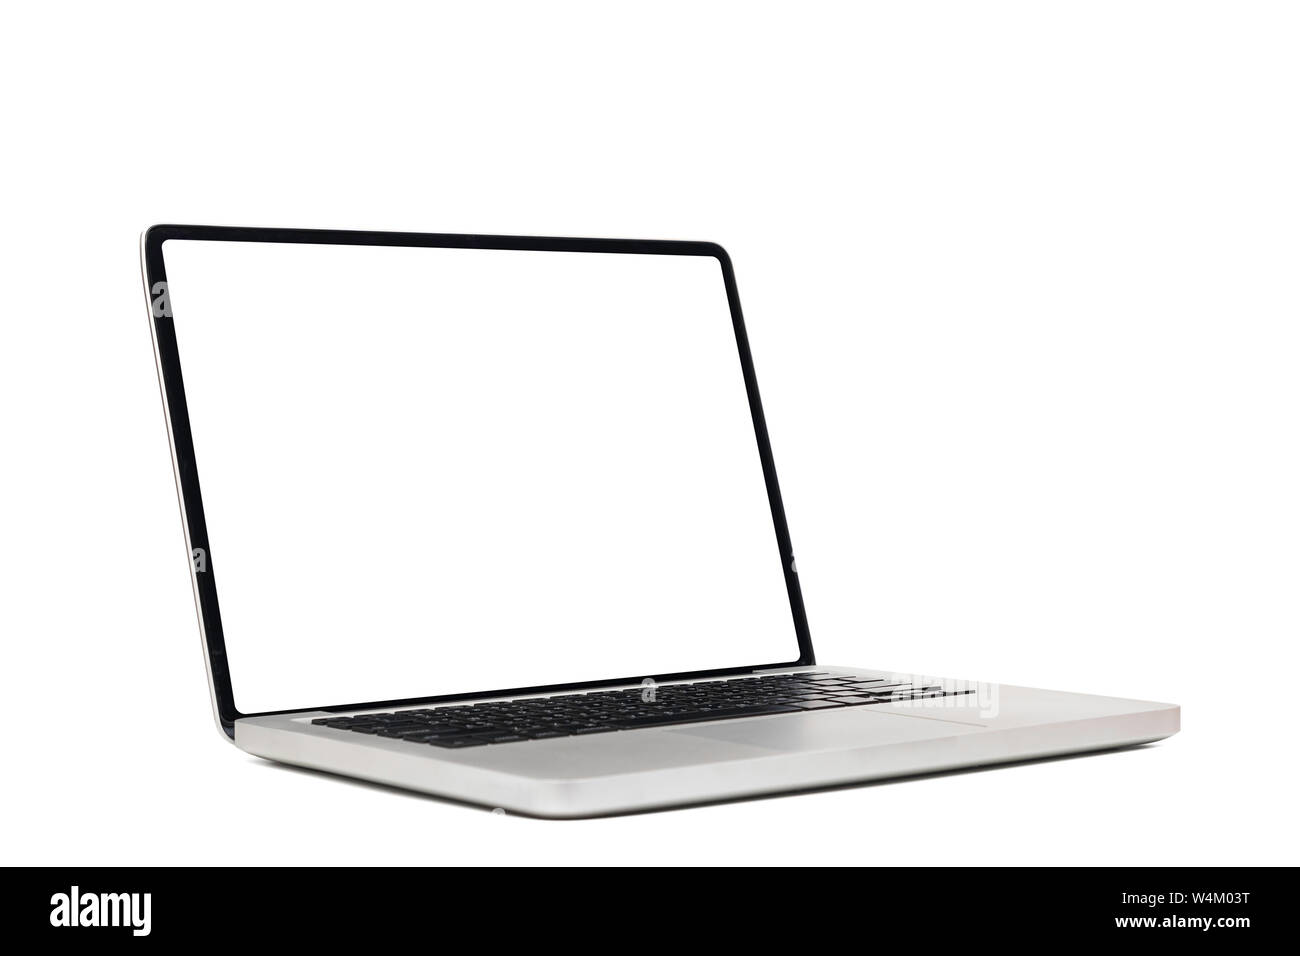 Modelo de ordenador portátil con pantalla en blanco vacío aislado sobre fondo blanco con trazado de recorte, vista lateral del moderno concepto de tecnología informática. Foto de stock
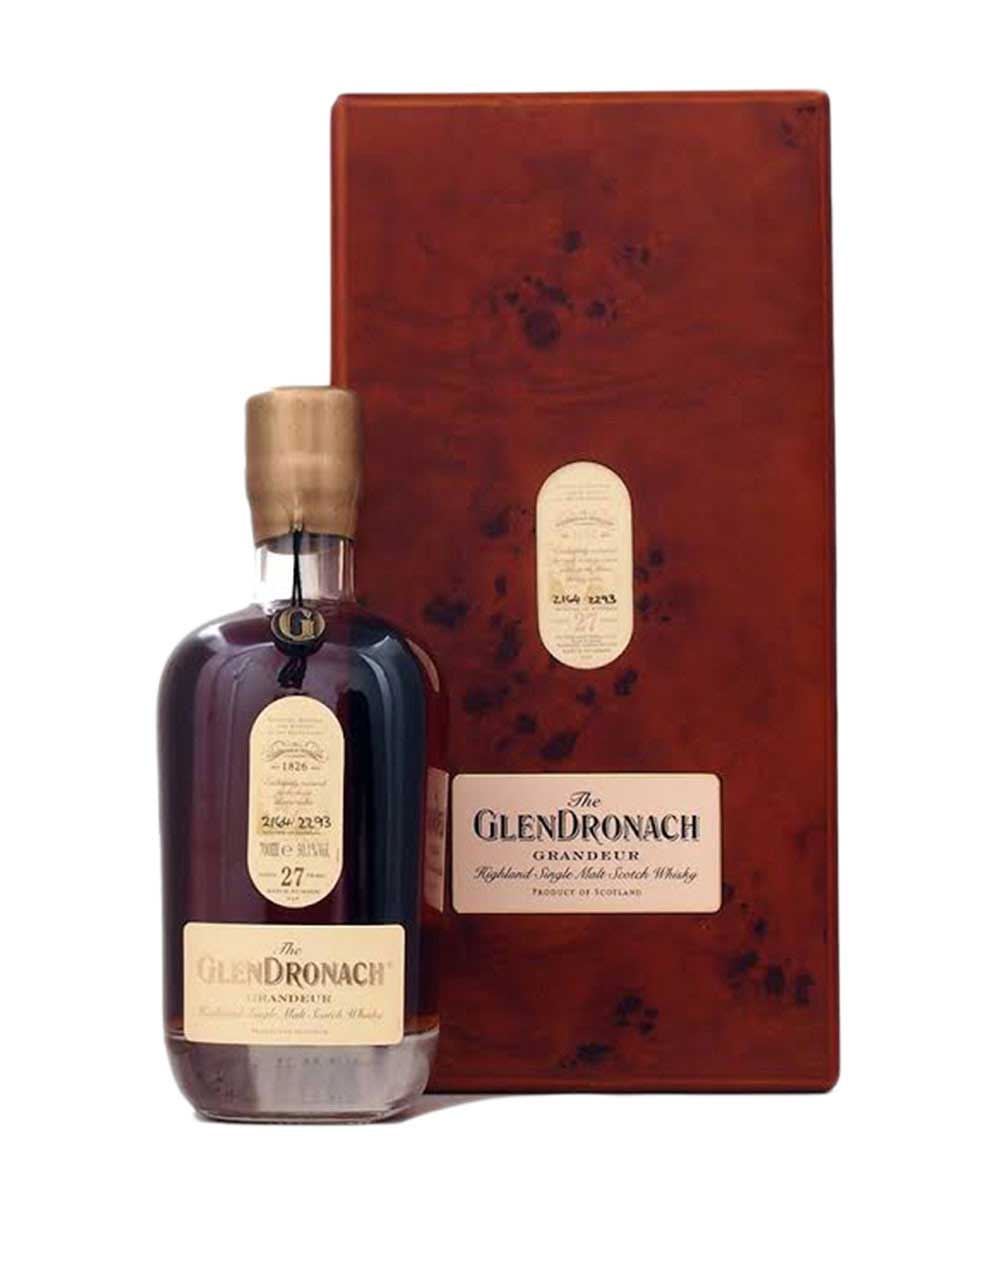 The Glendronach 27 Year Old Grandeur Highland Single Malt Scotch Whisky
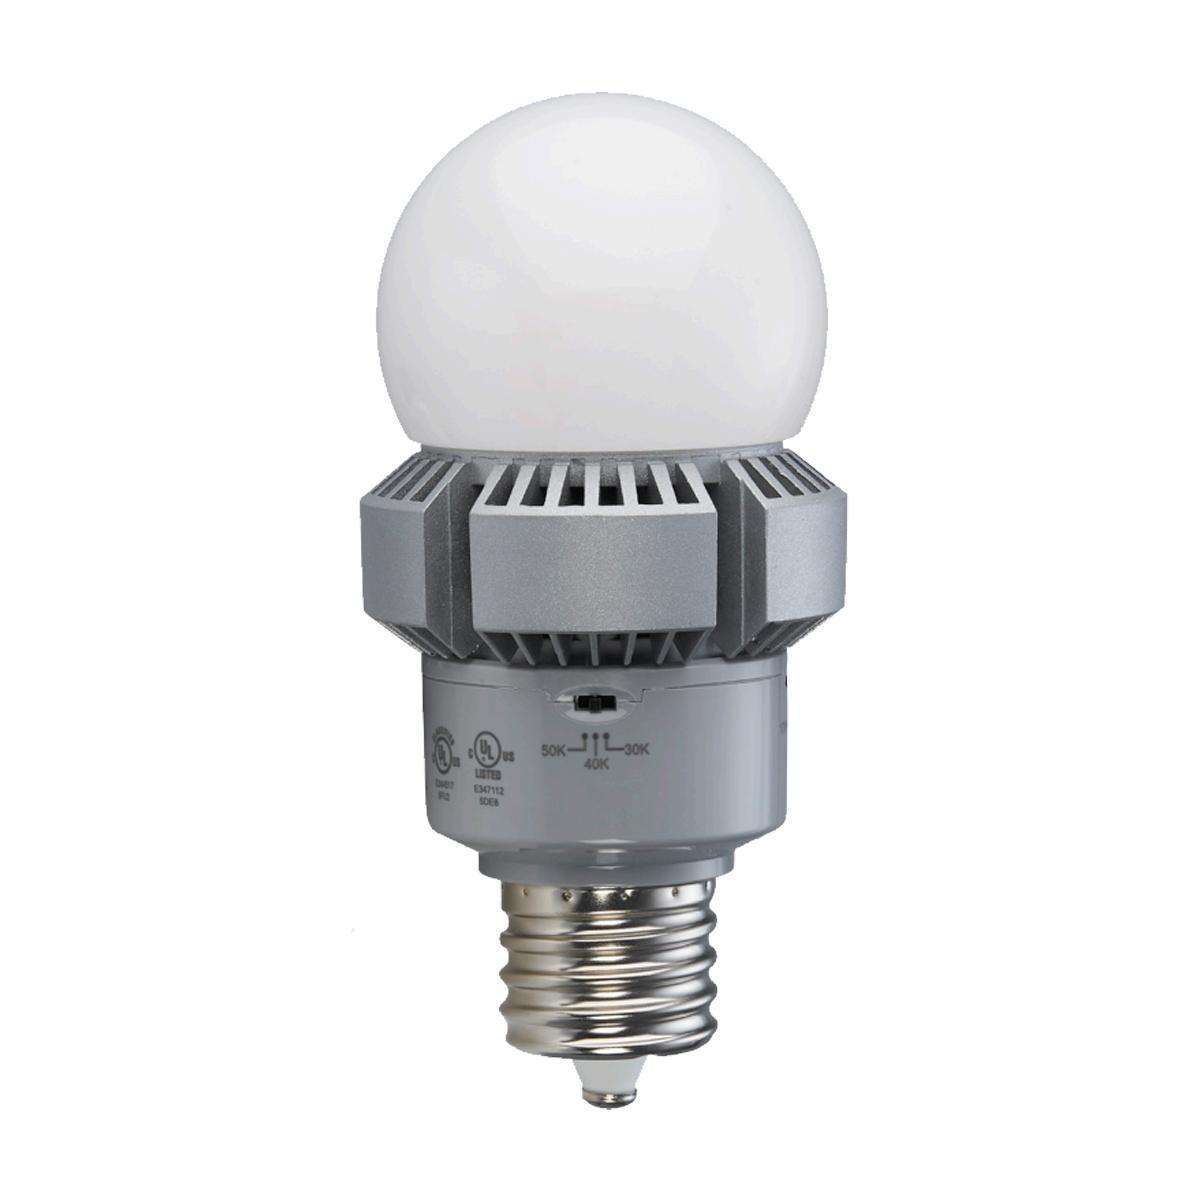 A23 LED Bulb, 45 Watt, 8775 Lumens, 30K/40K/50K, EX39 Mogul Extended Base, Frosted Finish
*****
▶ [Task objective] Set out the material once more, exact in every line, with no images.

▶ [Response]
 Modelo de ordenador portátil con pantalla en blanco vacío aislado sobre fondo blanco con trazado de recorte, vista lateral del moderno concepto de tecnología informática. Foto de stock
 The Glendronach 27 Year Old Grandeur Highland Single Malt Scotch Whisky
 A23 LED Bulb, 45 Watt, 8775 Lumens, 30K/40K/50K, EX39 Mogul Extended Base, Frosted Finish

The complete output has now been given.